The Lesser Antillean dry forests ecoregion (WWF ID: NT0220) covers the dry forests of the coastal lowlands of the Lesser Antilles, where the eastern Caribbean Sea meets the Atlantic Ocean. These forests generally form a band around the interior wet forests of higher elevations, and because they are often flat, they are under the most pressure for human settlement and agriculture.

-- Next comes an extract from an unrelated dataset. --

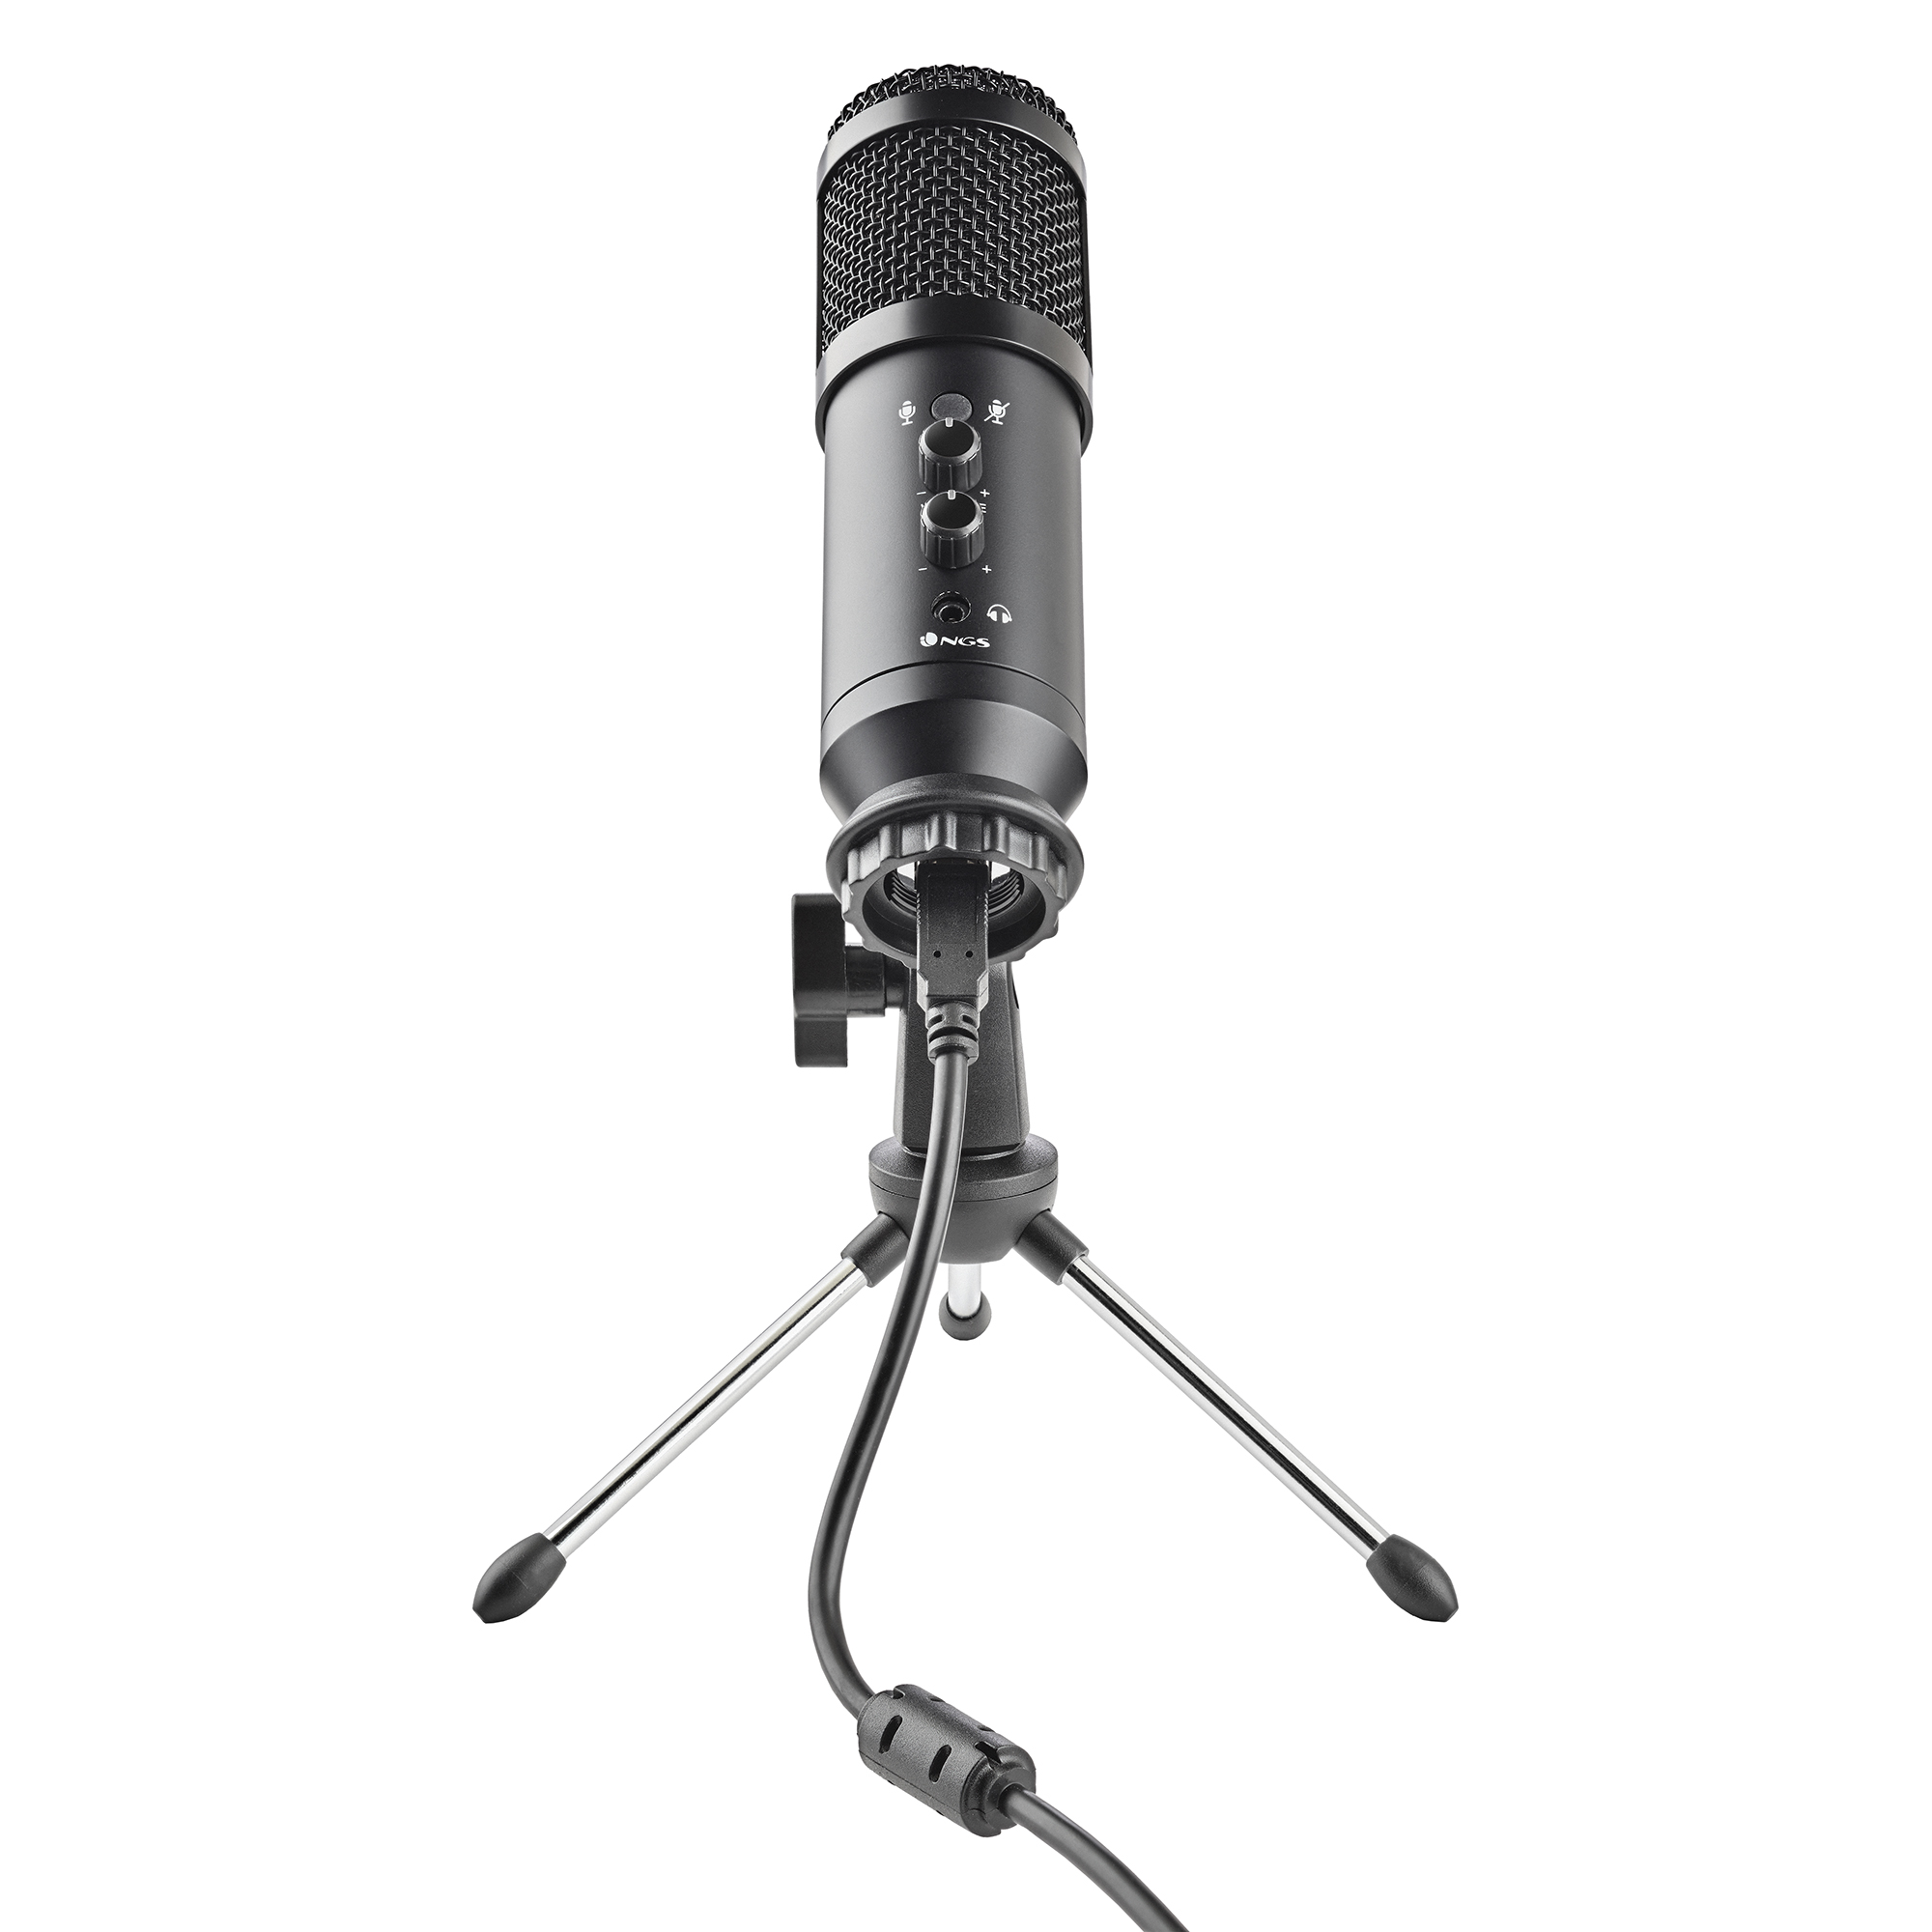 GMICX-110 NGS Schwarz Mikrofon

==Location and description==
The primary islands in this ecoregion with drye forests are Guadeloupe, Dominica, Martinique, Saint Lucia, Saint Vincent and the Grenadines, and Grenada. The islands are part of a volcanic arc; their interiors generally have mountainous highlands that catch more rainfall, and thus support moist forests of the Windward Islands moist forests ecoregion. The largest area of dry forests on the islands is on Saint Lucia, where the dry forests ring the coast to about 3 km into the interior, where higher elevations grade into moist forest. The same pattern holds on the island of Grenada. On the islands of Saint Vincent and Martinique, the dry forests occur in the thin transition band between the coastal dry shrubland and the upland moist forest.

==Climate==
The climate of the ecoregion is Tropical rainforest climate (Köppen climate classification (Af)). This climate is characterized as hot, humid, and having at least 60 mm of precipitation every month. Precipitation is slightly higher than that of the coasts, which range from 1,000 mm/year on Dominica to 1,600 mm/year on St. Vincent.

==Flora and fauna==
The dry forest ecoregion is 35% closed canopy, 20% open forest, 15% built-up urban area, 10% in agricultural use and the remainder in shrubs or open water. Characteristic tree species of the dry forest include those of genus Didymopanax and Miconia. Mosses and ferns are common. The soils are often disturbed by past agricultural use.